You need to download TL test set, which is a sub test set for calculating temporal loss (TL). You also need to prepare Flownet2, which is used for flow calculation and image warping. TL test set is generated from FlowNet2 and the next unannotated frame of HYouTube. For more information, please see Section 3 in the supplementary.
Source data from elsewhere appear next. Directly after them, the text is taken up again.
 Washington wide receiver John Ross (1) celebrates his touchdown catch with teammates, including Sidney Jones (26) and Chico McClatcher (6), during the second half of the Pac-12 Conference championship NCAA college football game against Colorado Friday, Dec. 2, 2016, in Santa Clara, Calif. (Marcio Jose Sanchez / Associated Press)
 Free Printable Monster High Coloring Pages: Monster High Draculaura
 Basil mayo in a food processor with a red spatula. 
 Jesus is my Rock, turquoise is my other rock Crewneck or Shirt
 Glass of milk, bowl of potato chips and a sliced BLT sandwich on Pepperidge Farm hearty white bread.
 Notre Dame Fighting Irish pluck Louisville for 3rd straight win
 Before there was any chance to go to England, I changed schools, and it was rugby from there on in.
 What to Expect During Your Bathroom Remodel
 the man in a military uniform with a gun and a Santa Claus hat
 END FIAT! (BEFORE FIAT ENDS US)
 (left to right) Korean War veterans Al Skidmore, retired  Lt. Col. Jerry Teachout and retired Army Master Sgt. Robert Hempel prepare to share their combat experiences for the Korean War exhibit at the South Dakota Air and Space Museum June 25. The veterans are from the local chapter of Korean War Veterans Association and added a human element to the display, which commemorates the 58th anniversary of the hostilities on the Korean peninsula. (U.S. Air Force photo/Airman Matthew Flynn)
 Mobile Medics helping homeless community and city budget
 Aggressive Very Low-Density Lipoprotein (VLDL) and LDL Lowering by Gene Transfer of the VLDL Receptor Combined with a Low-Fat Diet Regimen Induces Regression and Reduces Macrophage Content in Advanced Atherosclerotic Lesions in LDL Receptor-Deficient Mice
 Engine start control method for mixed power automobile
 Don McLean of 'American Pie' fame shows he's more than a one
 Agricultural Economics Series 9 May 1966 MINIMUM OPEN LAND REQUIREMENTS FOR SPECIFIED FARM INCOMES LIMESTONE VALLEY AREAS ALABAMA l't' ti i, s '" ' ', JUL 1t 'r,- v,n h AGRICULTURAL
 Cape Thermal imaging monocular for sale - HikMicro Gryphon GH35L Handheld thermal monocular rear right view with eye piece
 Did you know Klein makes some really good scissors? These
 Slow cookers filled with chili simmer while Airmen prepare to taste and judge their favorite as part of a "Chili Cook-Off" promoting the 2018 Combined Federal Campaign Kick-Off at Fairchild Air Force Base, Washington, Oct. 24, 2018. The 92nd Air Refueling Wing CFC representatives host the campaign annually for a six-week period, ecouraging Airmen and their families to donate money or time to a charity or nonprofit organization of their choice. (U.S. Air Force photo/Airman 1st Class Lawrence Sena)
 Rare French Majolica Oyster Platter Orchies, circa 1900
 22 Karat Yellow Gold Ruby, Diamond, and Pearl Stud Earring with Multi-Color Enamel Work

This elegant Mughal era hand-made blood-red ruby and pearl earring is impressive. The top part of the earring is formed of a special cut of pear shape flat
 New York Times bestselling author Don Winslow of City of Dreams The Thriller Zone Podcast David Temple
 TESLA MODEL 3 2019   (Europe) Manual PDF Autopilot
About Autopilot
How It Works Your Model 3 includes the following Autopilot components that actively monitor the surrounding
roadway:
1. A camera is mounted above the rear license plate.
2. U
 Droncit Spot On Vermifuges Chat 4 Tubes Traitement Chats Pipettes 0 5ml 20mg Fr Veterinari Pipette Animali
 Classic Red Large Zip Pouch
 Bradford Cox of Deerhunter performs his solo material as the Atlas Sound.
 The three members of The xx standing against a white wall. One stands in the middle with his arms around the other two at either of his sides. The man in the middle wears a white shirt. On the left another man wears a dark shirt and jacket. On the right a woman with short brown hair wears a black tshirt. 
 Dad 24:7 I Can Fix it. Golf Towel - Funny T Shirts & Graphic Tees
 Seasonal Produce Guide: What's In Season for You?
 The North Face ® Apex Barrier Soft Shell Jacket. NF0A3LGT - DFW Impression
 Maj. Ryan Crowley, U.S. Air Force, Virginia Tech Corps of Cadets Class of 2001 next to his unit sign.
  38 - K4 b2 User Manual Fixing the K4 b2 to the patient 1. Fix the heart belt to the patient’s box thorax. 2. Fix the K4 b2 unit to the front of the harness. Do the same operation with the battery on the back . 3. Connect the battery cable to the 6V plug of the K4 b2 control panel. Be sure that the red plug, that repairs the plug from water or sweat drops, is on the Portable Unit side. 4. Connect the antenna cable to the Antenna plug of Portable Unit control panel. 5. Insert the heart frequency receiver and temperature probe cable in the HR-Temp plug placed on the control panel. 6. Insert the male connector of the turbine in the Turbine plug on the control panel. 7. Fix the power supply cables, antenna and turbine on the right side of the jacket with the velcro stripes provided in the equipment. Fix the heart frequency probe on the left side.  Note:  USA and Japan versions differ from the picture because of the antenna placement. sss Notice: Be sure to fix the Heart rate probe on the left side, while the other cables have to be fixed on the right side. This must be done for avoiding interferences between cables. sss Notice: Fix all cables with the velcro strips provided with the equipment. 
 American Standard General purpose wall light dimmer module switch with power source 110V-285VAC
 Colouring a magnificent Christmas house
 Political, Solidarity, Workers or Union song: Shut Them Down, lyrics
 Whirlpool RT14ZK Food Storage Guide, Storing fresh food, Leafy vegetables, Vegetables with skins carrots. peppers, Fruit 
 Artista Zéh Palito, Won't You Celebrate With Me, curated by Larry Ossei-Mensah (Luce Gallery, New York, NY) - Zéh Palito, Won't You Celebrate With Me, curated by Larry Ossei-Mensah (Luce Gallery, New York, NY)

Please follow command of FlowNet2 to install and download FlowNet2 weight. Please put FlowNet directory on ./
and its weight on ./flownet/FlowNet2_checkpoint.pth.tar
Please download TL test set from Baidu Cloud (access code: 3v1s) or OneDrive.
You need to store the both numpy result of candidate model on both HYoutube's test set and TL test set.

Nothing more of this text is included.